I'd imagine he was bigger before, since falling tiny slimes seem to kill themselves more often than not.

Perhaps this squishy little green guy would make a good pet? I've yet to see a wolf, or any other normal animal for that matter, and it's pretty lonely out here by myself.  Unfortunately a problem with slimes quickly presented itself.  They push.  A lot.


Either he's really happy to see me, or trying to shove me into a pit.  I couldn't tell.  Pushy pets is something I'm well acquainted with, my dog pack tried to shove me off a cliff last time we went outside, but slimes are *persistent* shovers, not just accidental pushes like tamed wolves.

I tried luring him up a ladder, but it seems they can't climb without an enclosed tube - just sorta bounce off and keep leaping at the ladder again.  It's rather comical to watch, but not helping my progress in the slightest.  With the ever-present heights in Canopy Carnage, this would not do.

I suppose I could have just smacked the little guy with my sword and be done with it, but I ended up building a slime-pen instead.


Sorry little guy, but I fall off enough without extra help!

Friday, July 22, 2011

Unexpected Explosion


Posts have been less frequent recently because most of my activities have been resource gathering.  Stockpiles of most essentials were getting dangerously low, and at the rate I go through glass a major effort was required.


That accomplished, I set out to extend the main glass highway along the coast.  Some flailing squids were chilling out in the shallows.

Stacks of glass in hand and pinky finger clamped down on the Shift key, I continued on.  Two plum chests ripe for the picking presented themselves, one hard to spot...   And one not so hard. 


I think I'll go after the shady chest first, it'll be easier to reach of the two, simply by tunneling my way down inside the shelf pine and mining it out from below the ground.  More exciting than the chests was the sight ahead - a strange twisted helix tree with some very desirable iron ore embedded in the trunk! First though I was going to need... you guessed it, yet more glass, so back to the mines I went.



I was happily mining my way along when I heard the distinctive "shlop-shlop" of a slime.  Taking a quick peek up top, it was quite a large slime too.  With some iron I'd be able to make sticky pistons... no clue if that will be helpful in my quest, but it couldn't hurt, right?  Carefully poking a single hole into my fragile dirt roof, I smacked the slime with a torch until it split into tiny slimes.  The falling tiny slimes explode most satisfactorily.  I was about to close up the hole when everything around me suddenly exploded with a fierce BOOM.
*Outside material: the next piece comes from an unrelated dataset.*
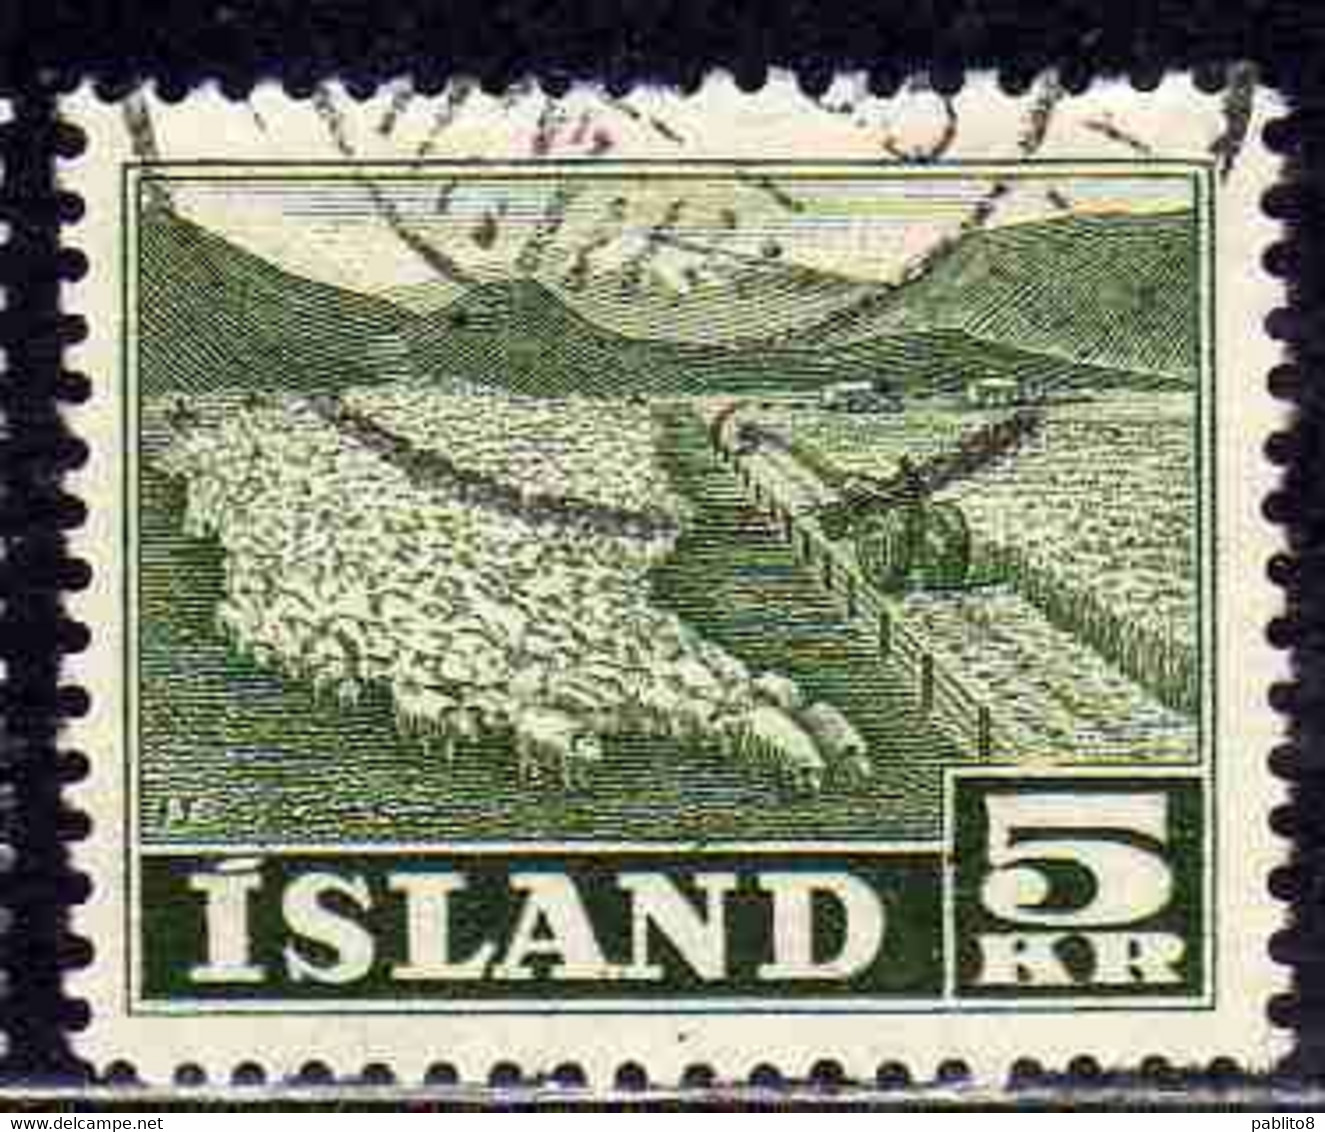 ISLANDA ICELAND ISLANDE 1950 1954 FLOCK OF SHEEP 5k USED USATO OBLITERE' - Oblitérés

First thought: Crap, a Creeper!
Second thought: Why am I not dead?
Third thought: AAAAH GIANT HOLE IN MY ROOF.
Fourth thought: No really, why am I not dead?

While pondering my miraculous, nearly unscathed survival, I grabbed a stack of glass and quickly filled in the destroyed roof.  My only guess is that the Creeper might have ... somehow exploded in the water? But that should have protected the surrounding blocks, and not me.  I have the feeling this will remain a mystery.